The prosecutors sat with awkward smiles.
The heavy atmosphere of Dongnam County was gradually brightening.
The head of the office removed his jacket and turned his gaze toward the screen.
“Haven’t we started yet?”
Kim Gwan-yong, the Chief Prosecutor, took the jacket and nodded.
“No, not yet.”
The head’s gaze shifted to the prosecutors.
The listless prosecutors—their expressions were gradually changing.
Seo Jin was the reason.
And while some envied him, others resented him.
All of it was a positive change.
Until now, they had merely passed time, like water diluted in water, like alcohol mixed with alcohol.
The head’s gaze turned to Seo Jin.
He sat beside Lee Myung-soo, conversing quietly.
‘Looking at it this way, he’s just an immature kid….’
Though they’d never had a proper conversation, to the head’s eyes, Seo Jin appeared to be nothing more than a young man his age.
‘I should arrange a meeting with him soon.’
Anticipating what kind of man Seo Jin was, the head took his seat at the head of the table.
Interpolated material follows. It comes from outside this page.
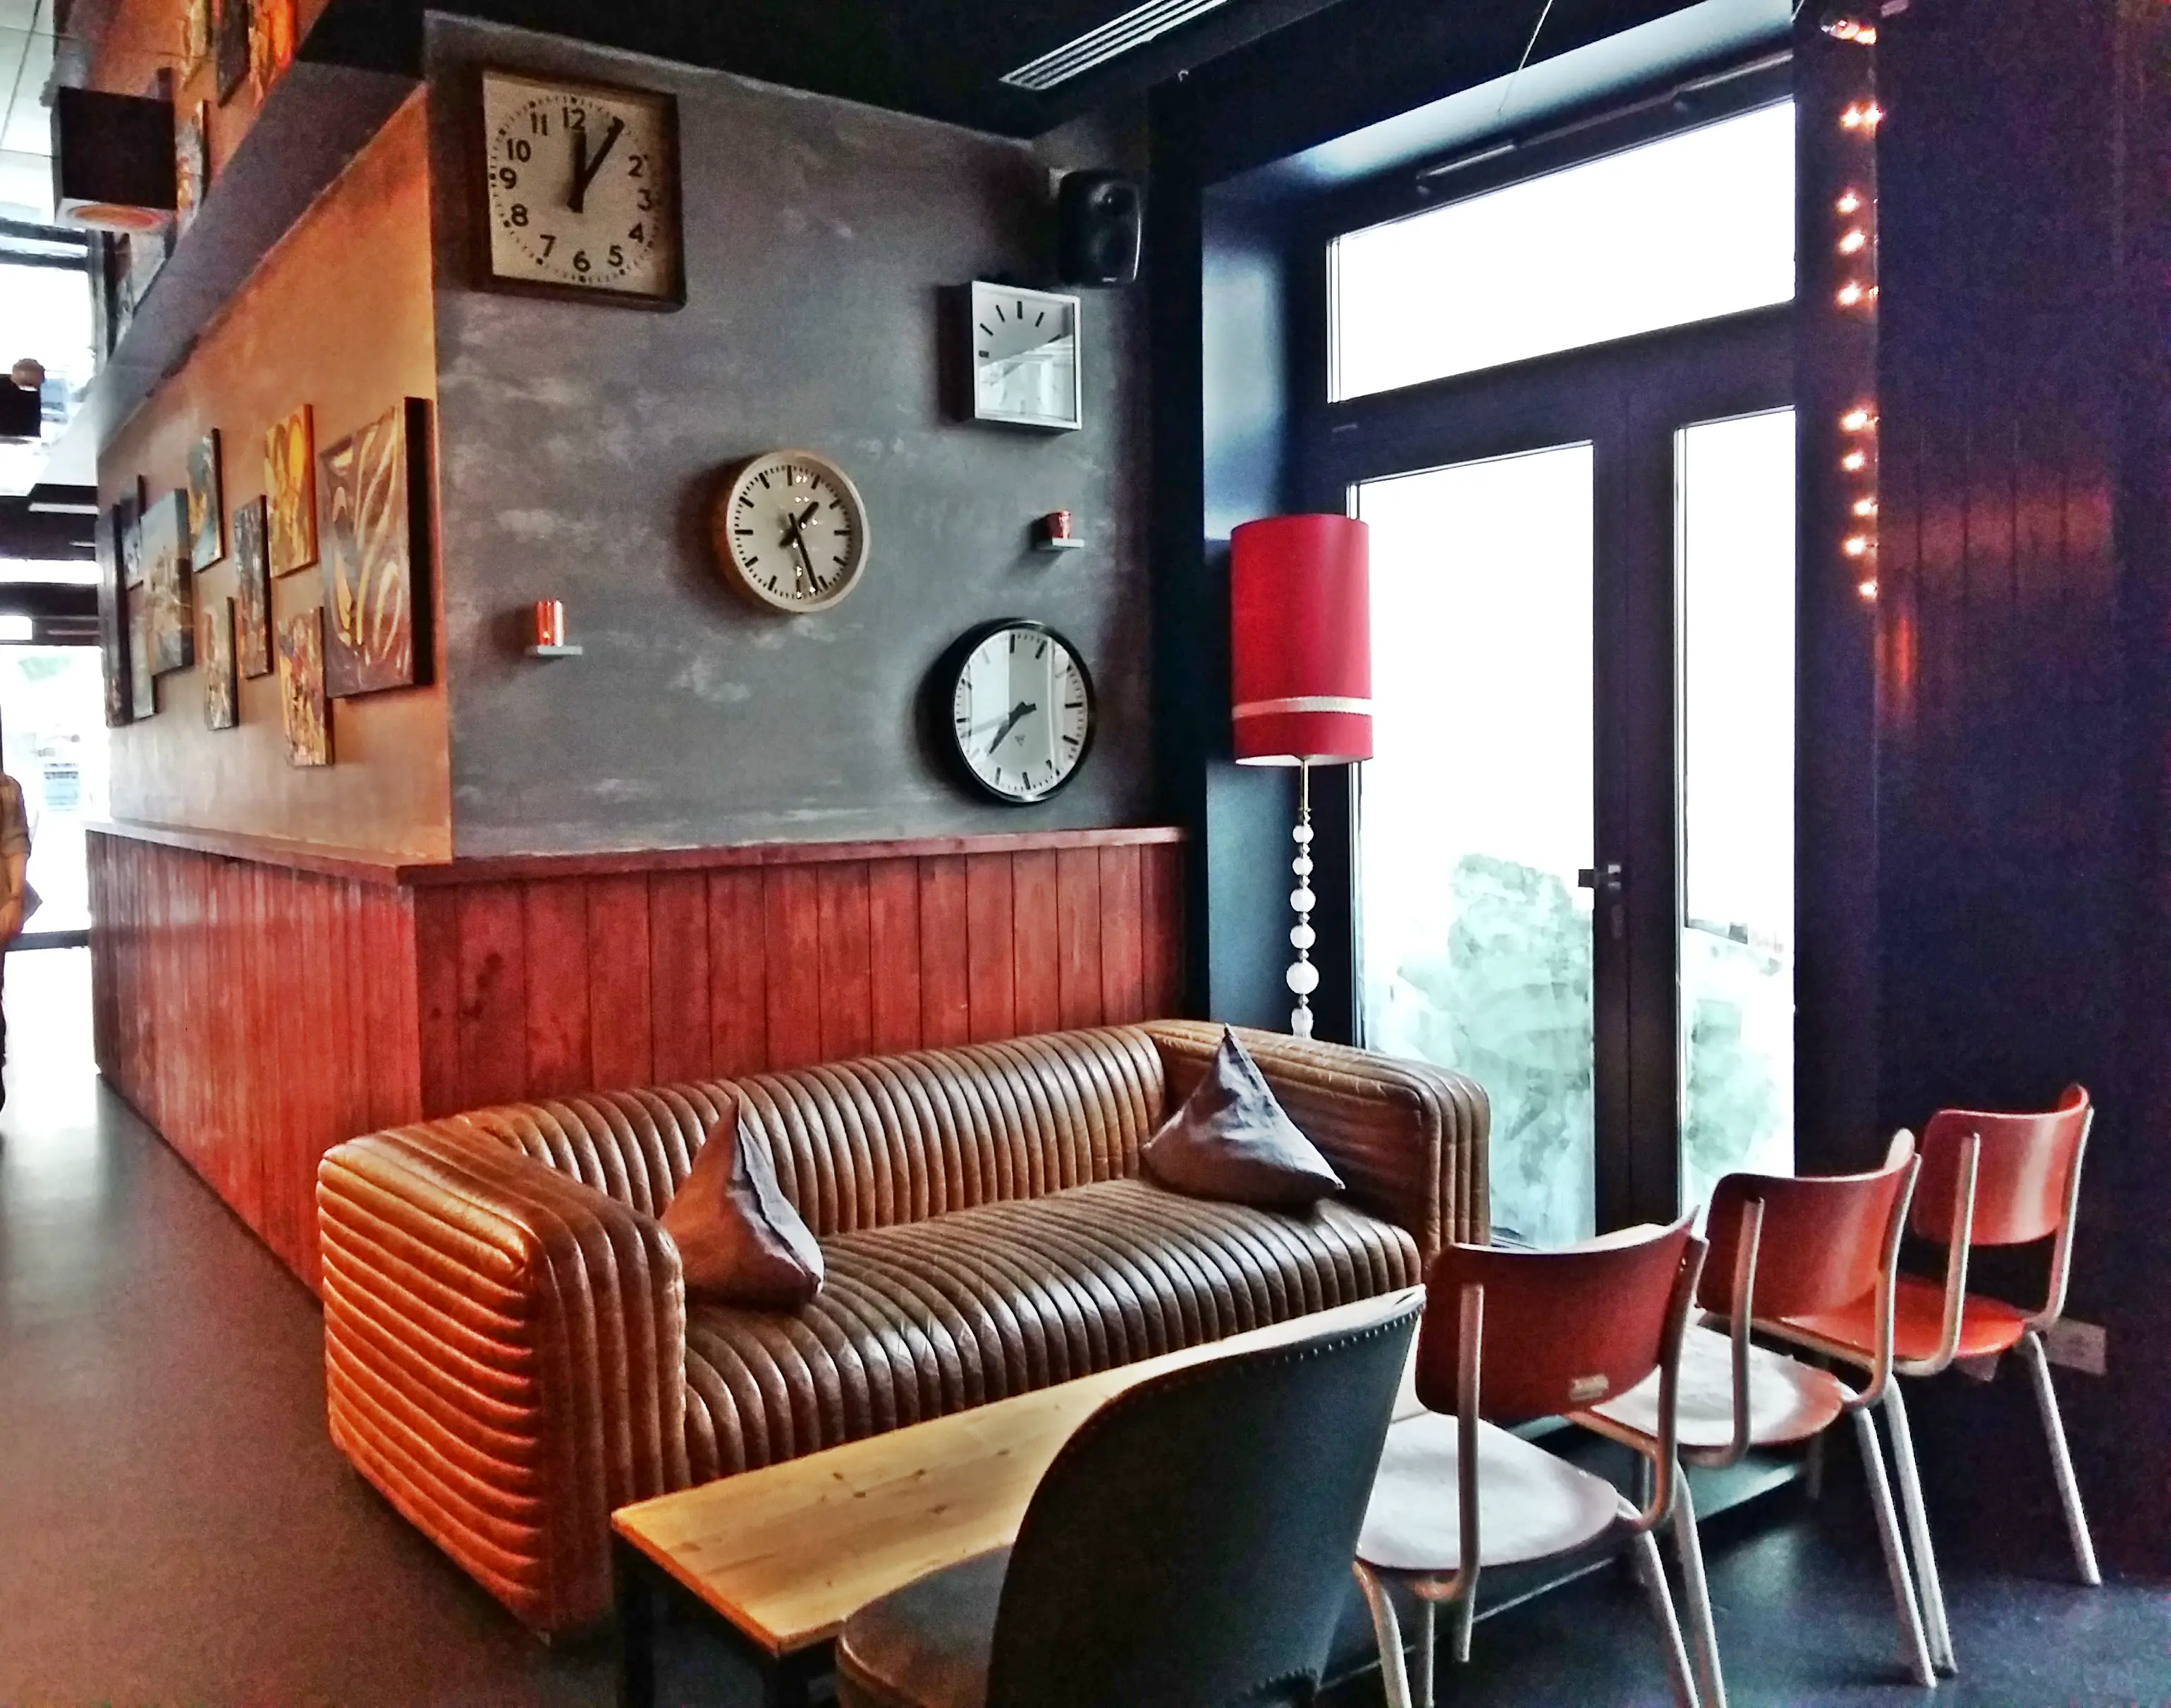 Where to stay in Berlin city center

Then Lee Jae-seung, the Chief Prosecutor of Criminal Division 1 sitting beside the head, muttered.
“…What if they did some really sloppy editing?”
“Huh?”
All the Chief Prosecutors, including the head, turned their attention to Lee Jae-seung.
Lee Jae-seung opened his mouth with a forced smile.
“You know, like that thing called ‘devil’s editing’? Where you say something good but it comes out looking stupid.”
“….”
“The way they split it into parts 1 and 2 makes it look like they’re trying to boost ratings….”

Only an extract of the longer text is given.